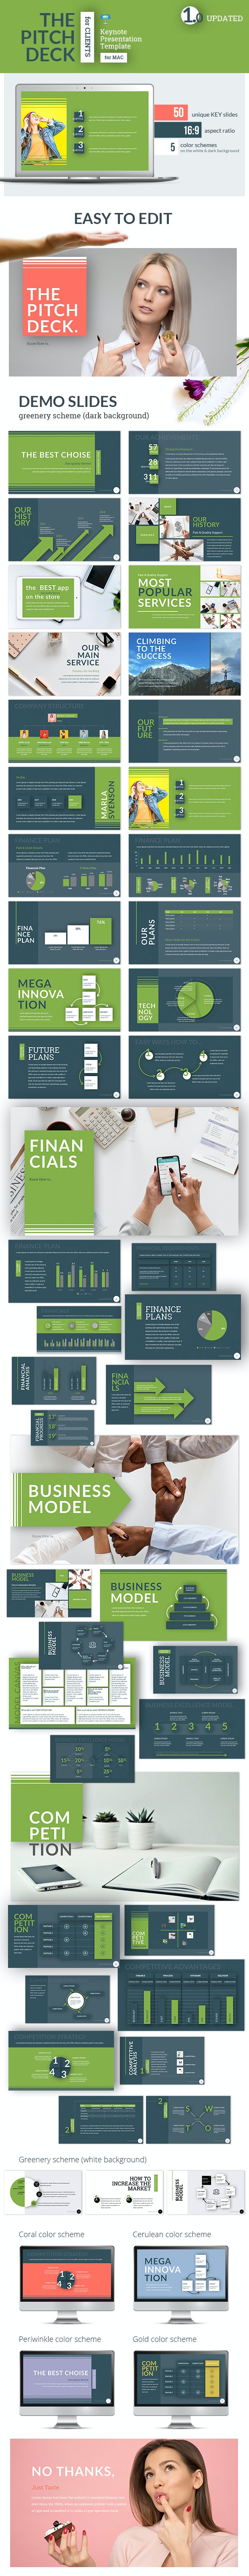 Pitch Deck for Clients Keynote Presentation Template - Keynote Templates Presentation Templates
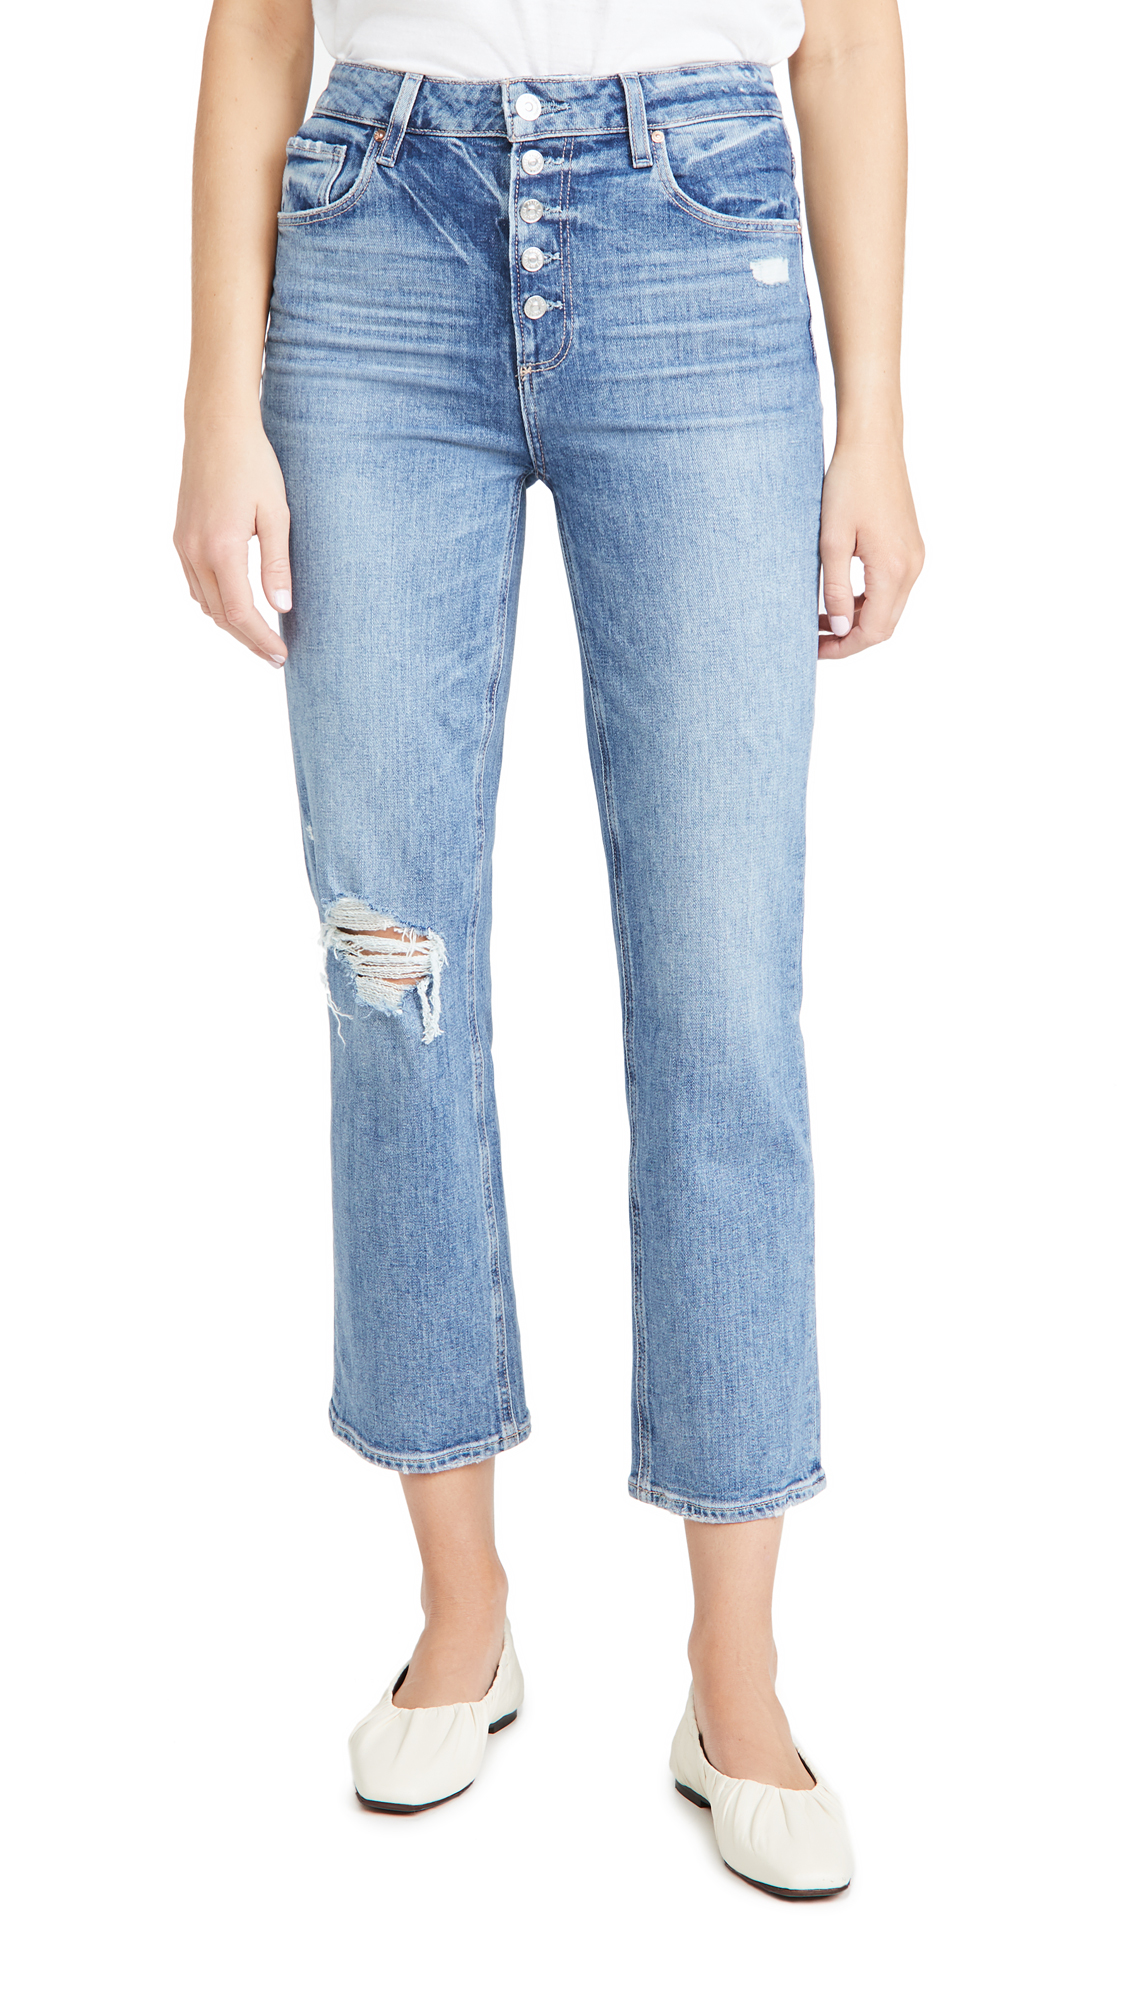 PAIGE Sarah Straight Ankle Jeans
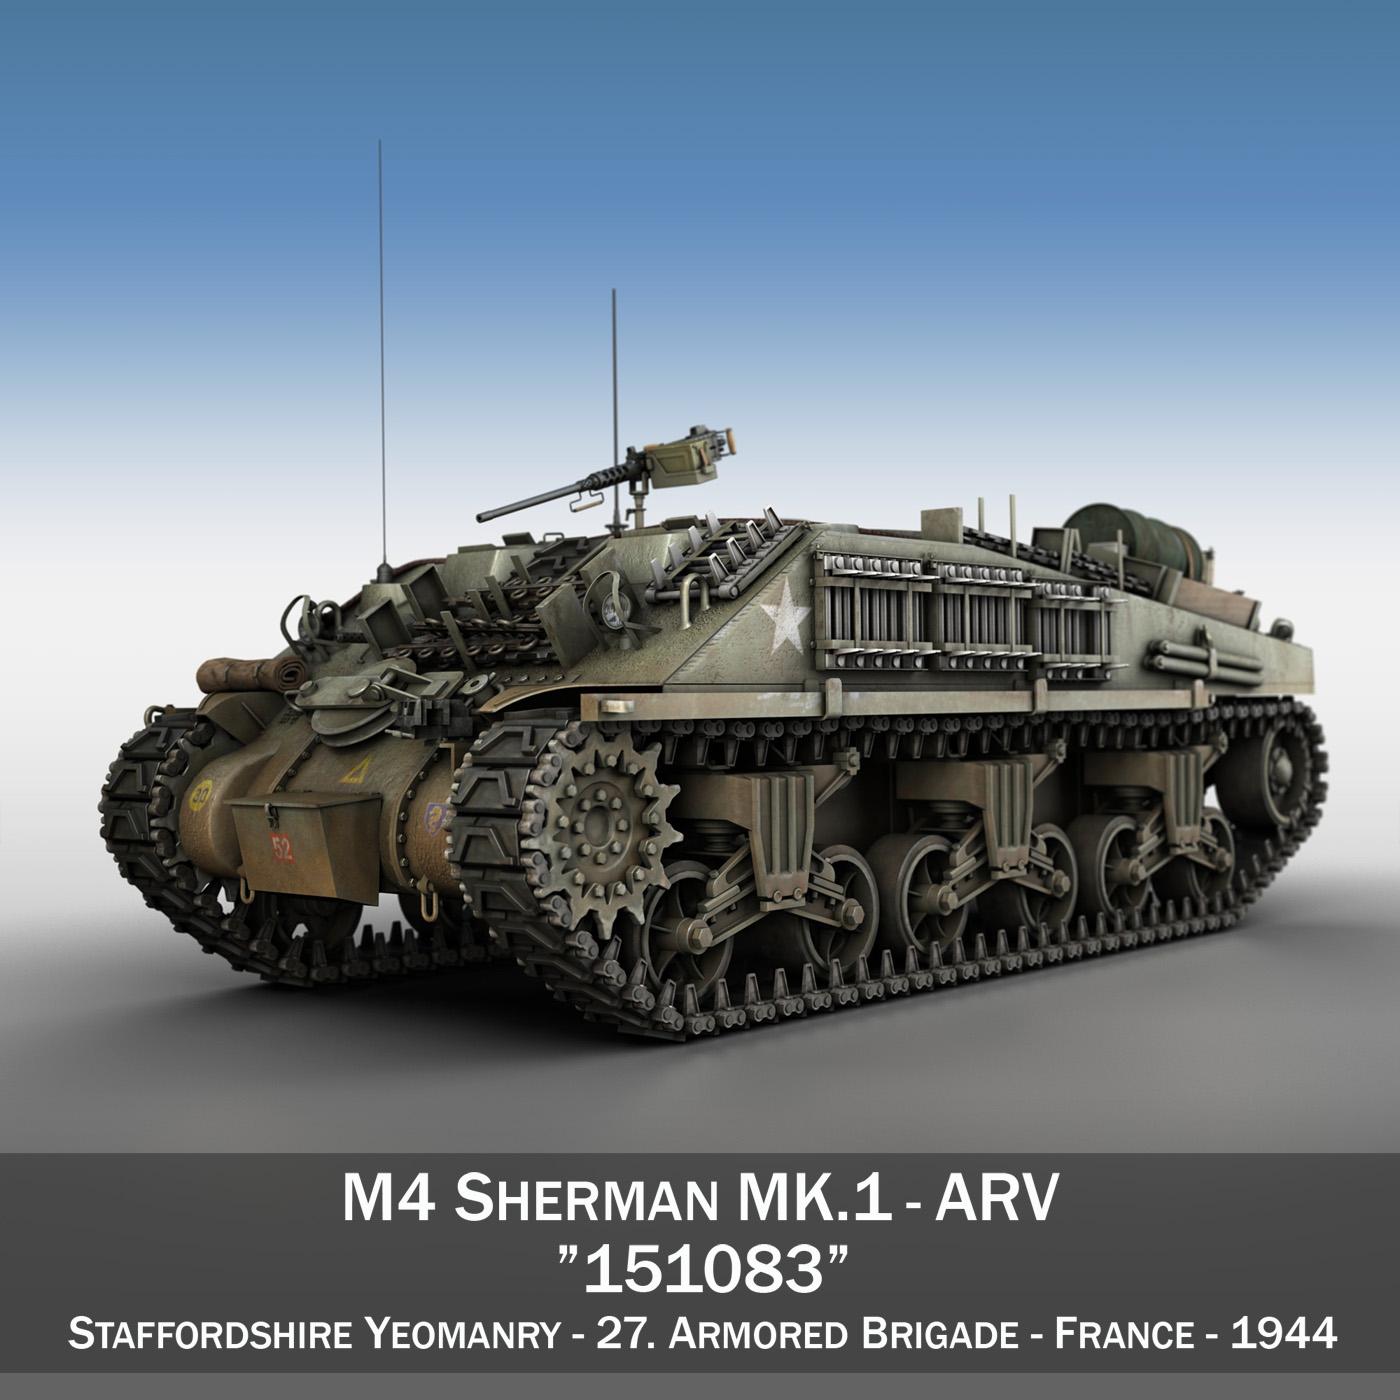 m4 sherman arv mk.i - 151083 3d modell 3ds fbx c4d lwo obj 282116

━━━━━━━━

** WHAT YOU ARE ASKED TO DO **
Nothing but an exact copy of the data, without pictures, should be returned.

** SOLUTION **
 Pitch Deck for Clients Keynote Presentation Template - Keynote Templates Presentation Templates
 PAIGE Sarah Straight Ankle Jeans
 m4 sherman arv mk.i - 151083 3d modell 3ds fbx c4d lwo obj 282116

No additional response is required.